### TASK ITEM
Write each line below back out exactly, omitting its pictures.

### SUPPLIED INFORMATION
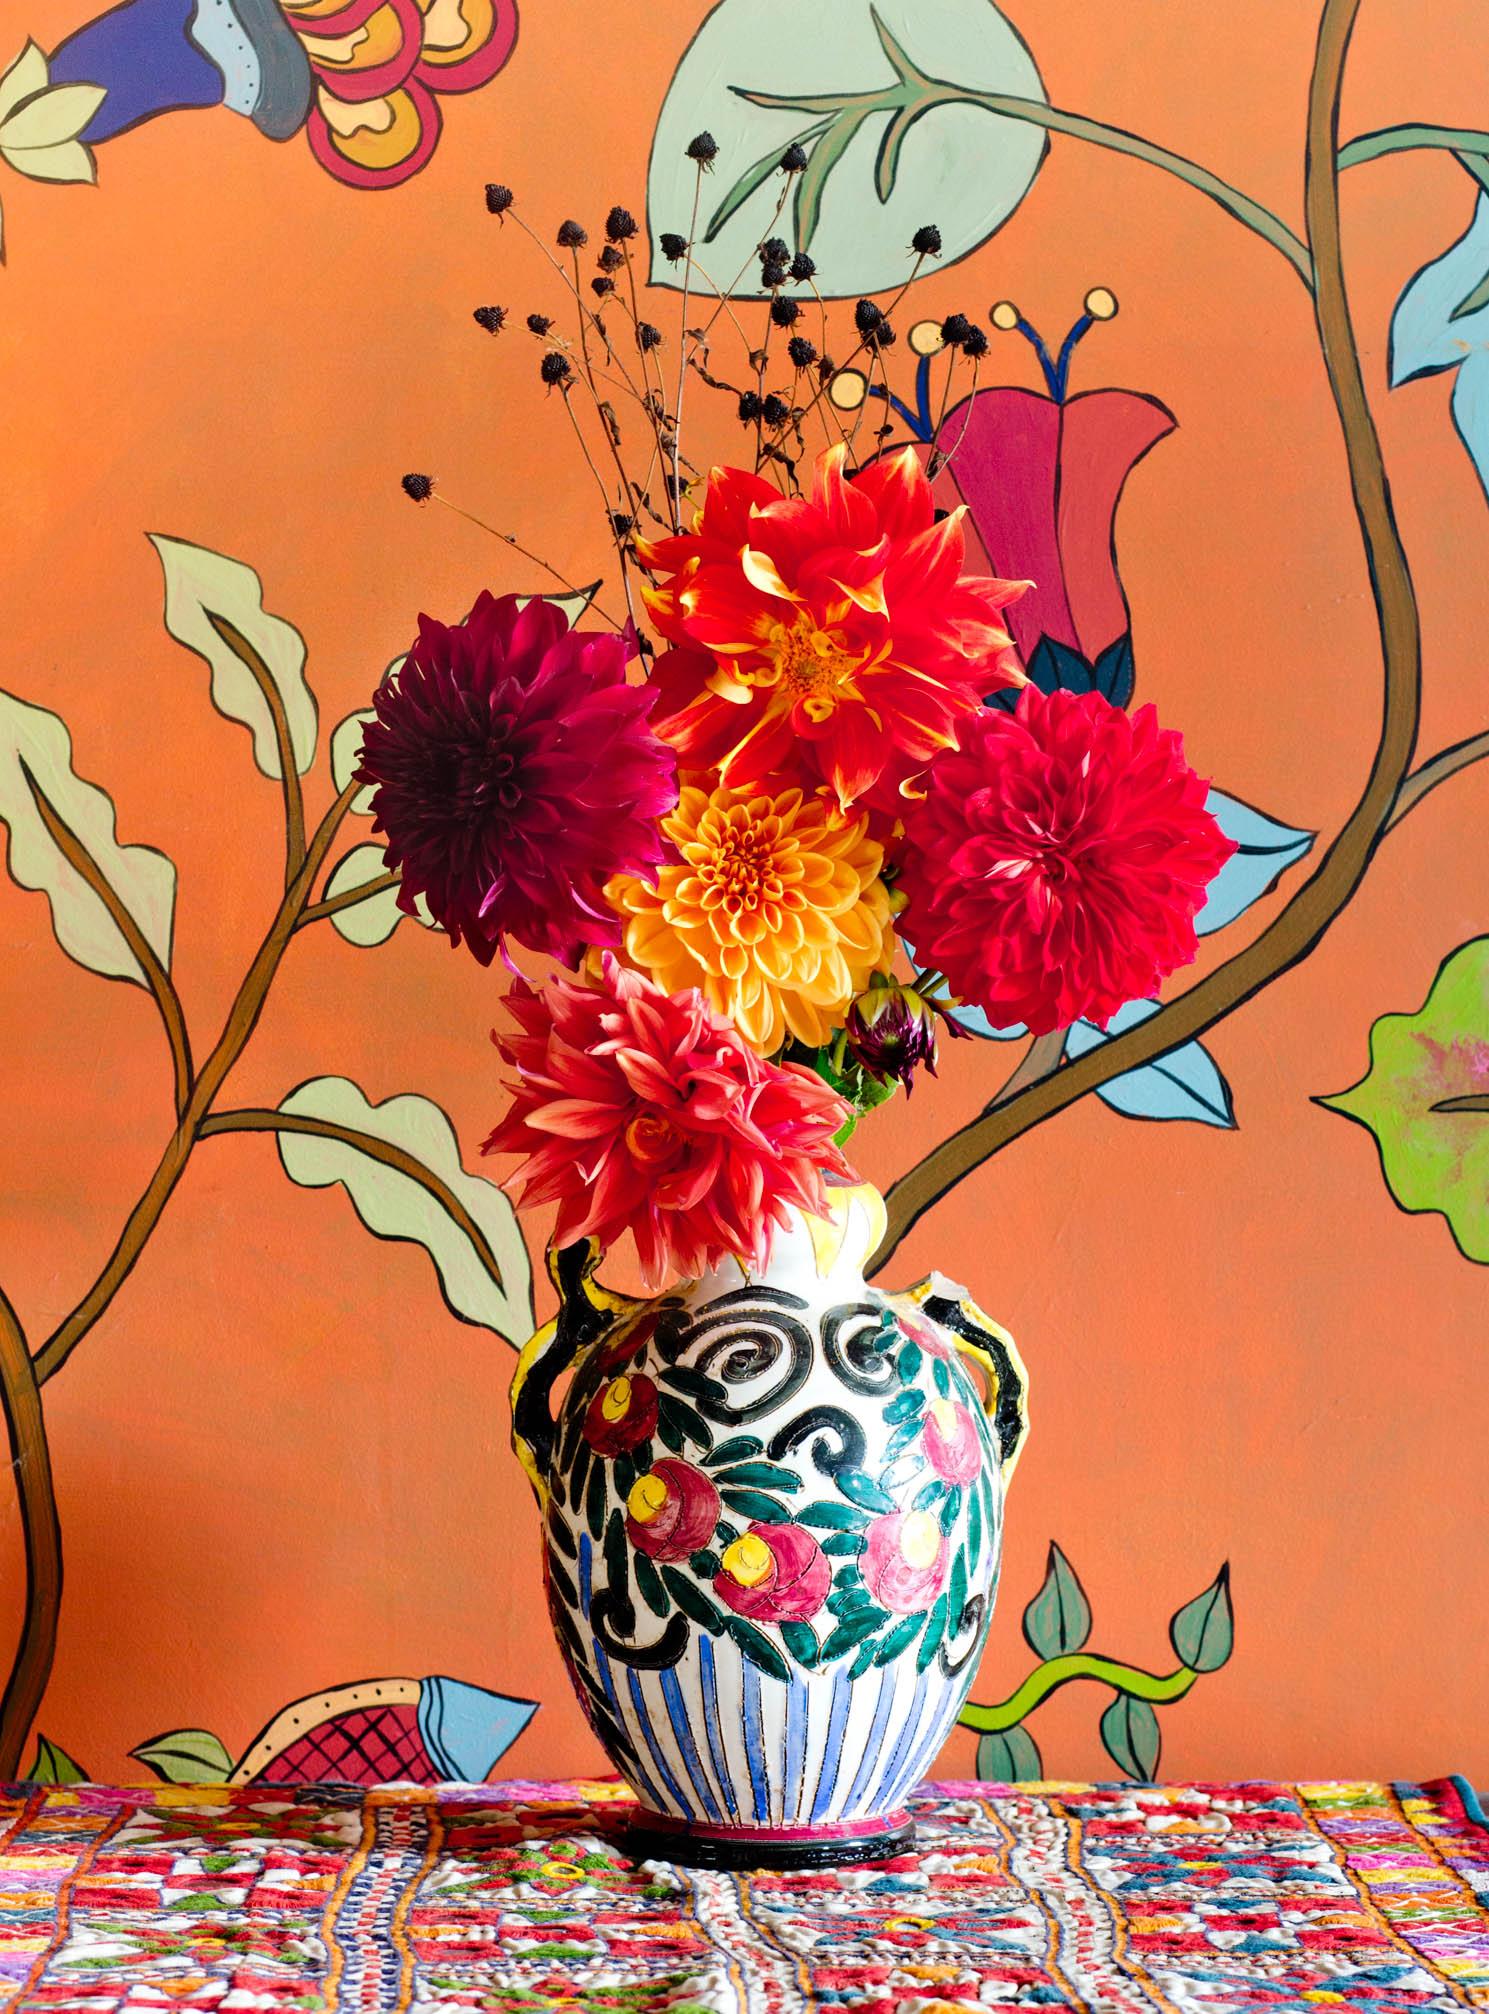 colorful-wallpaper-dahlia-flowers-pattern.jpg
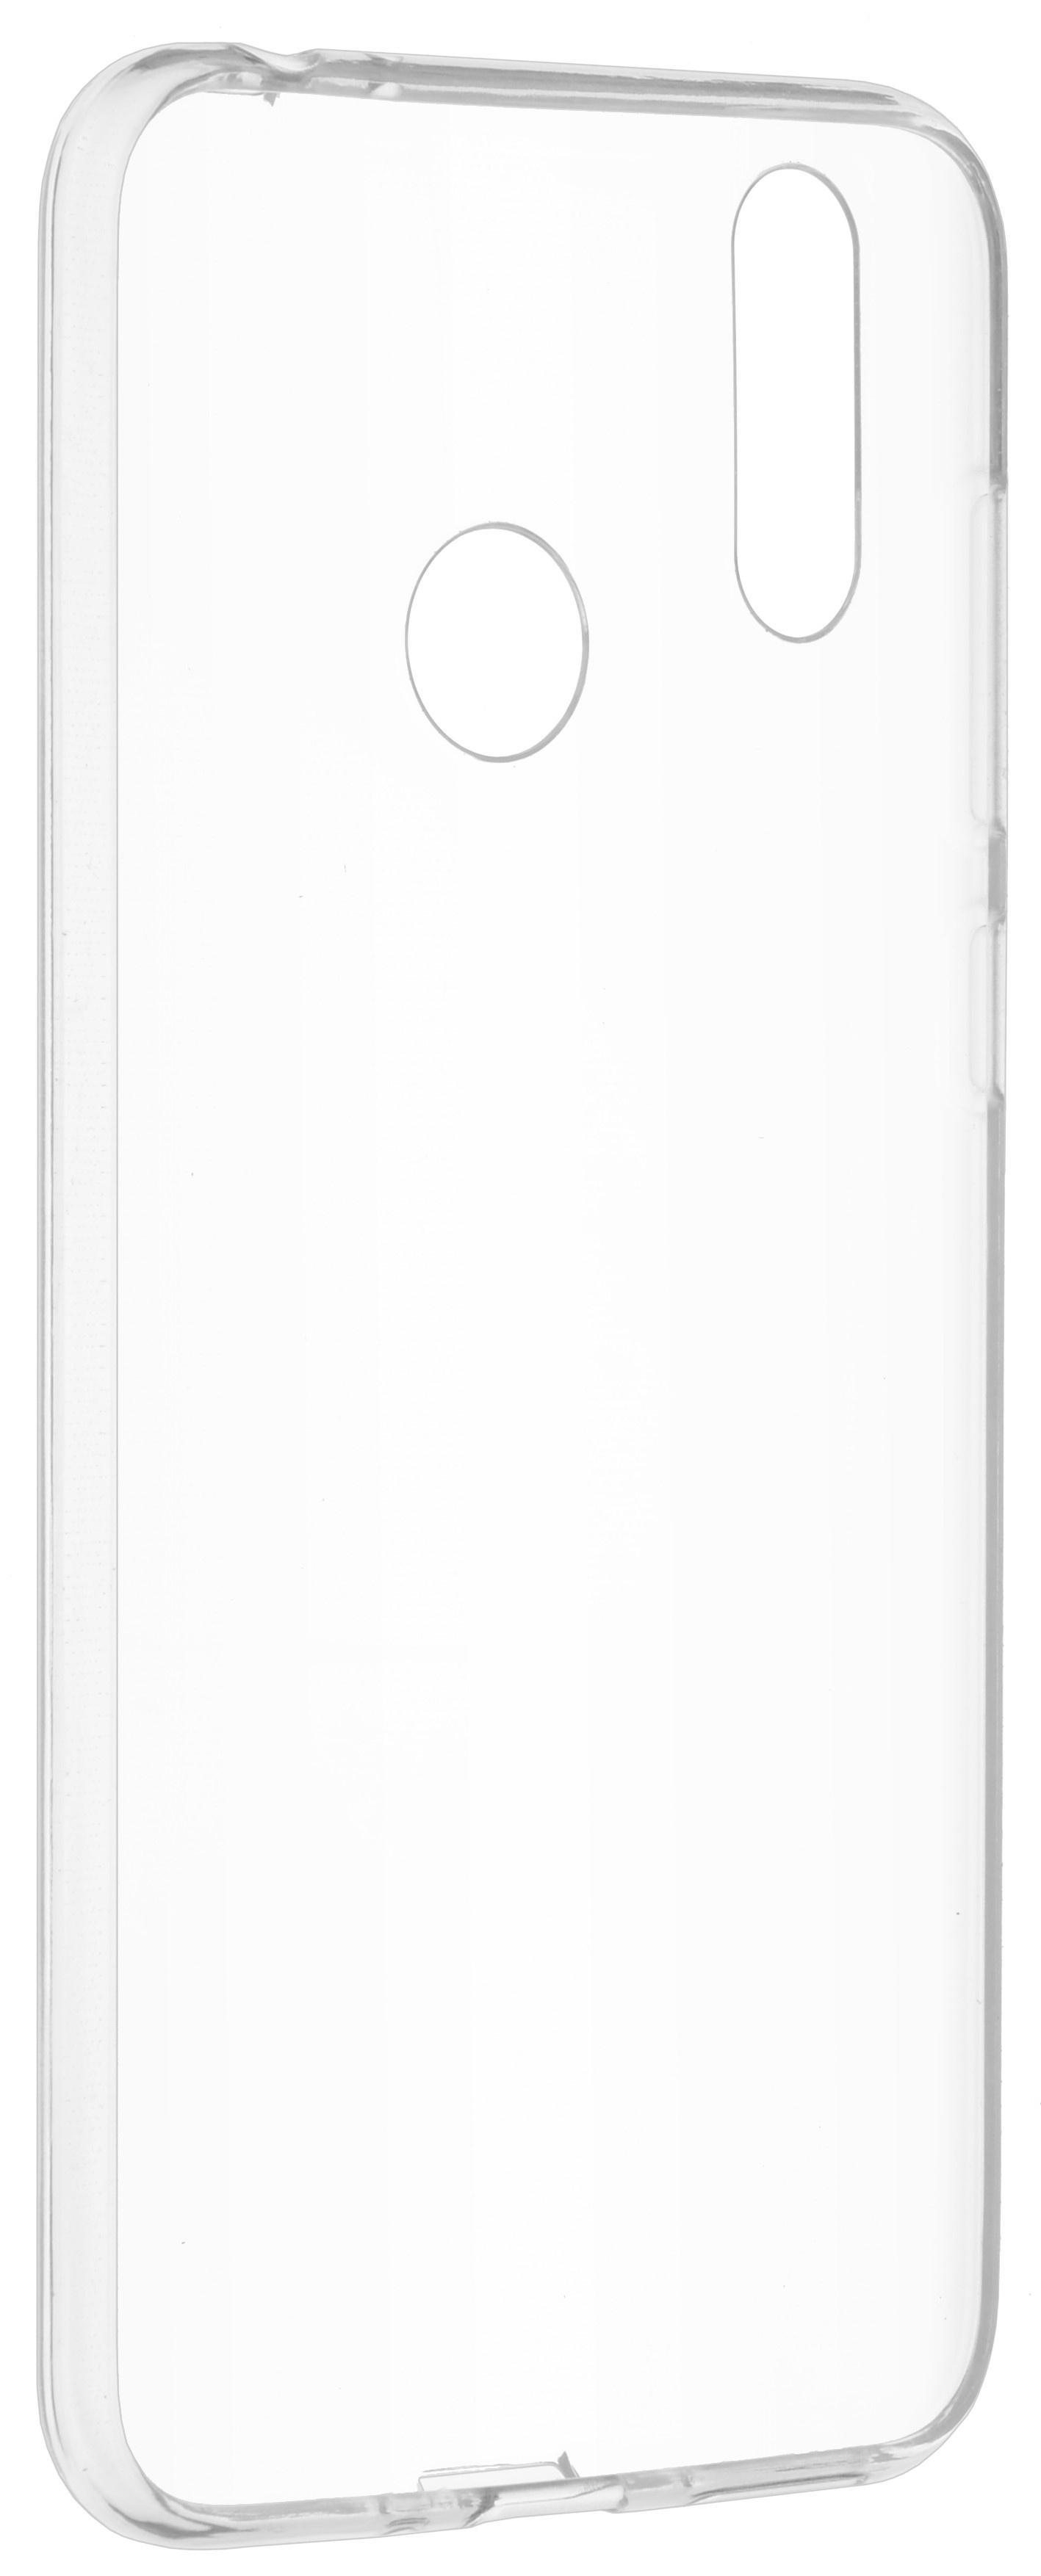 Накладка Skinbox Slim Silicone для Honor 8C, 4630042521971, прозрачный skinbox накладка skinbox slim silicone для lg v20
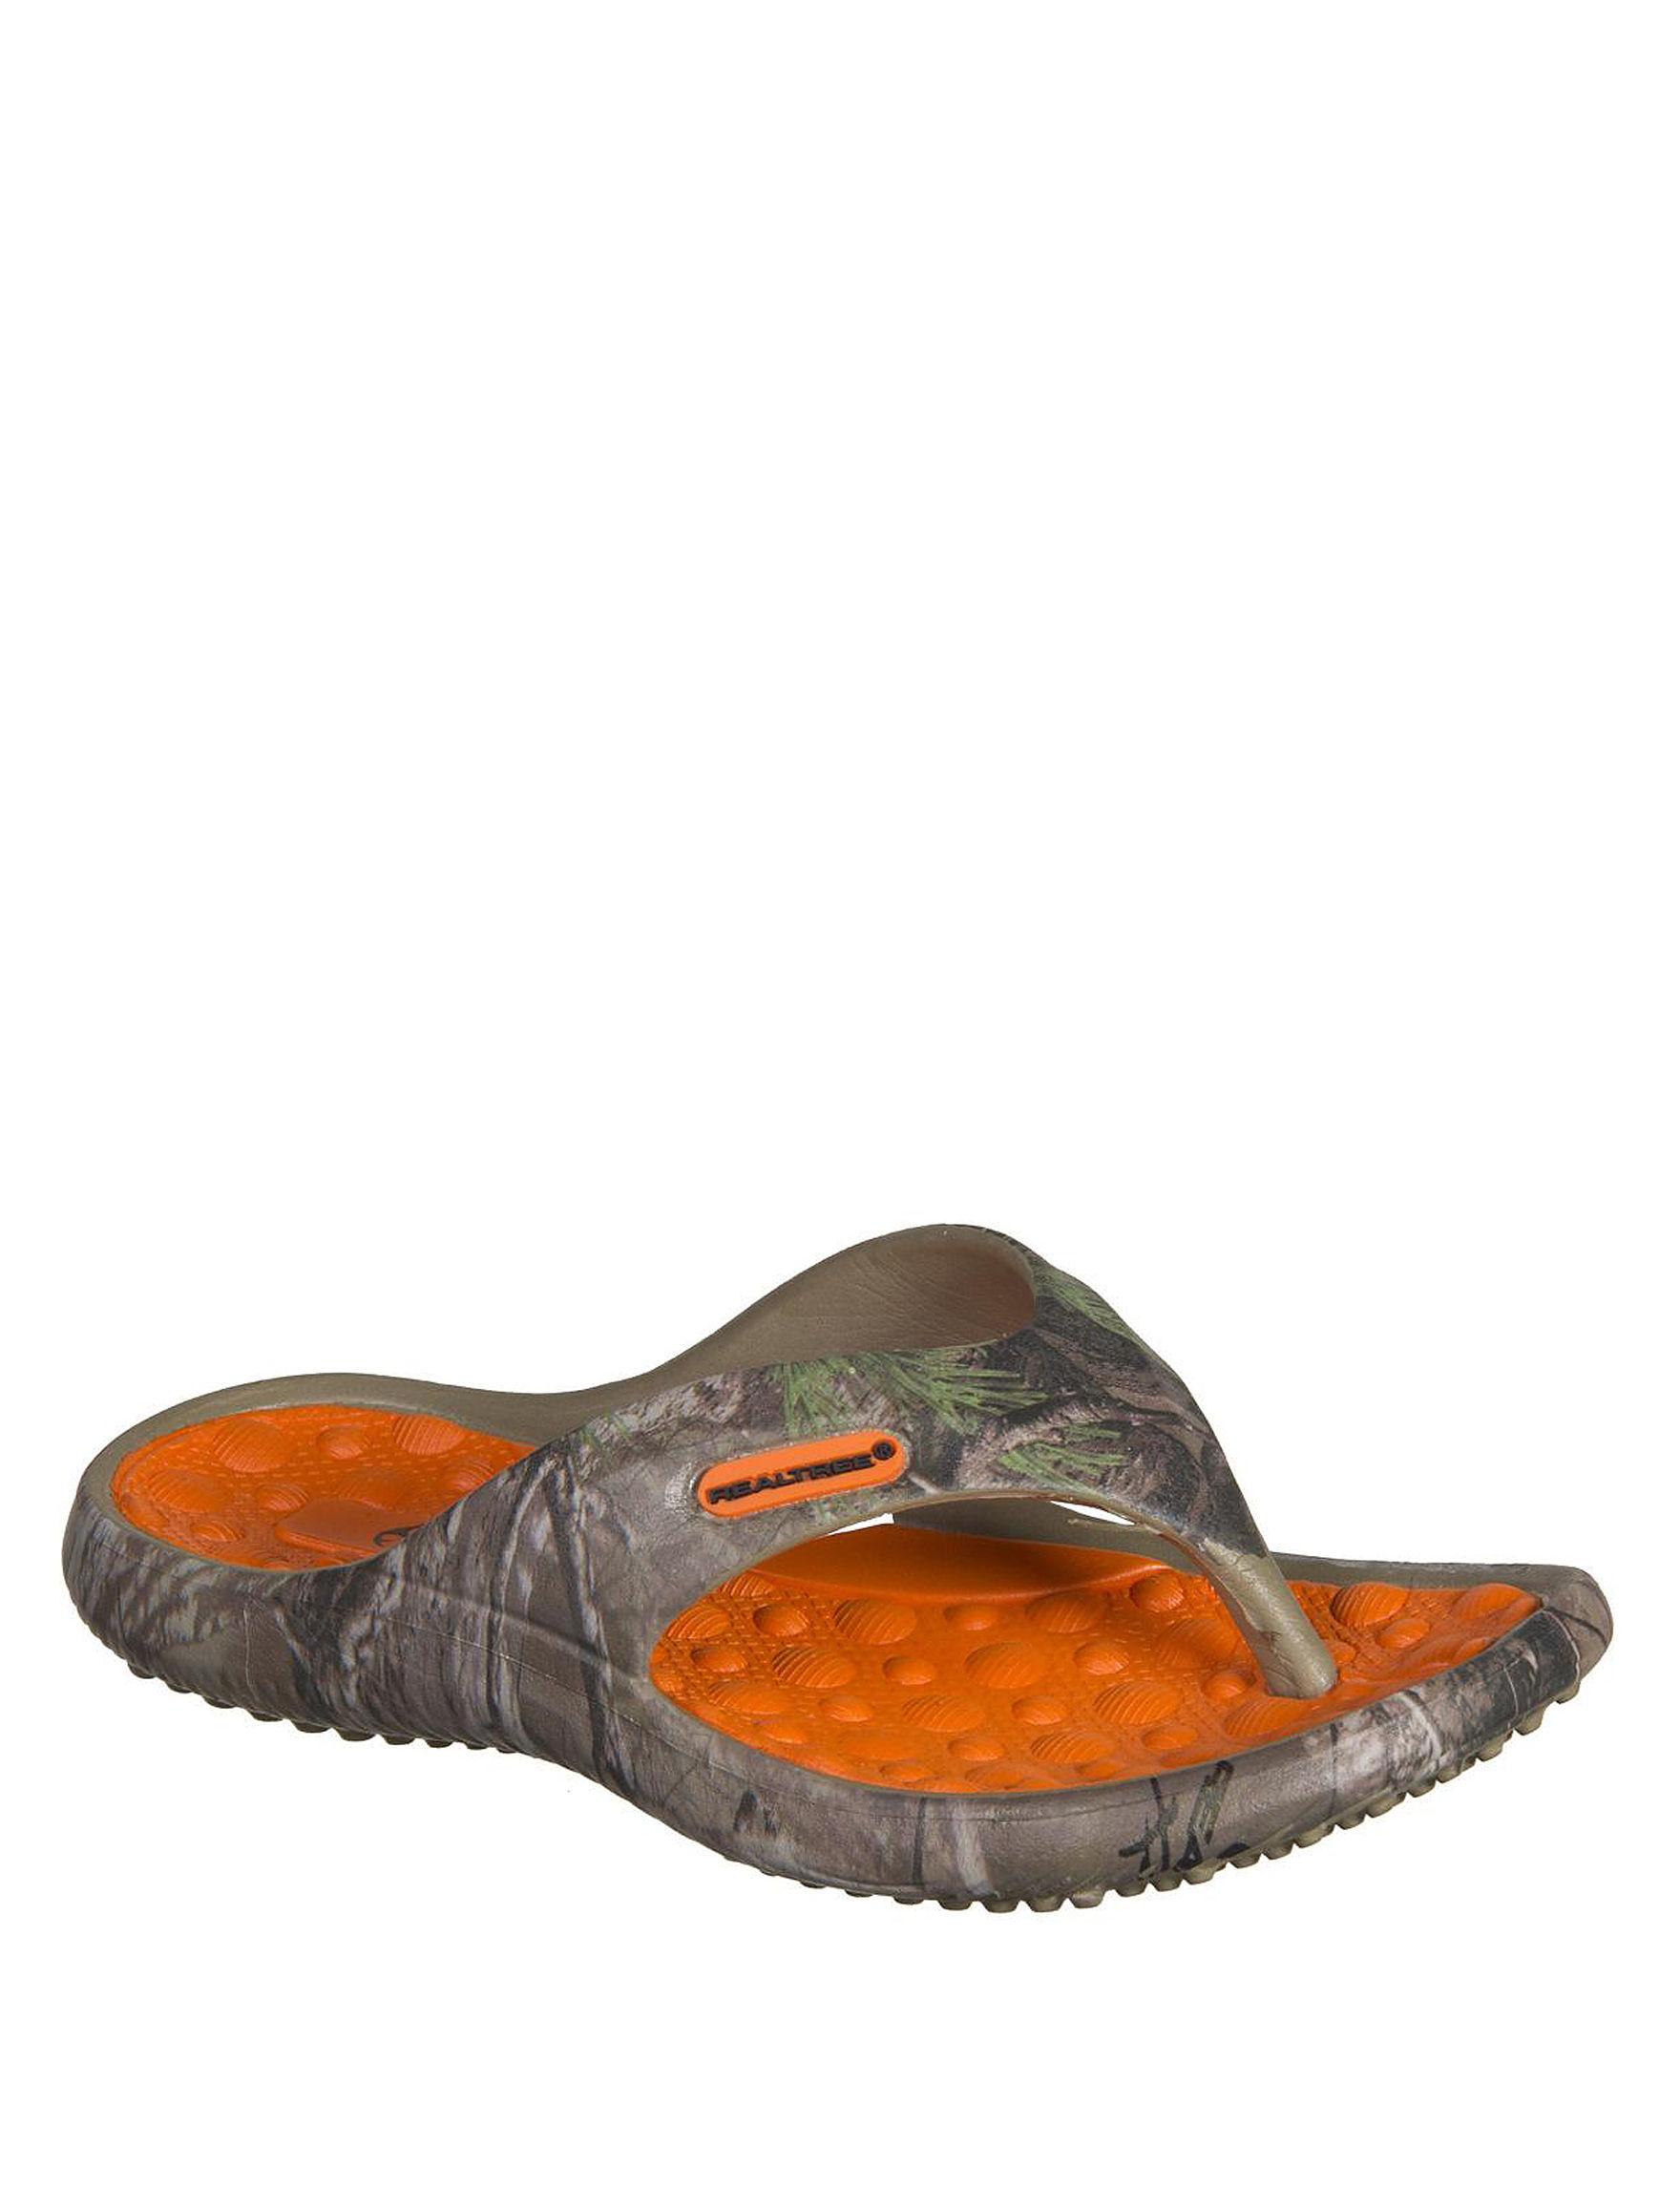 Realtree Camo Flip Flops

### YOUR SOLUTION
 colorful-wallpaper-dahlia-flowers-pattern.jpg
 Накладка Skinbox Slim Silicone для Honor 8C, 4630042521971, прозрачный skinbox накладка skinbox slim silicone для lg v20
 Realtree Camo Flip Flops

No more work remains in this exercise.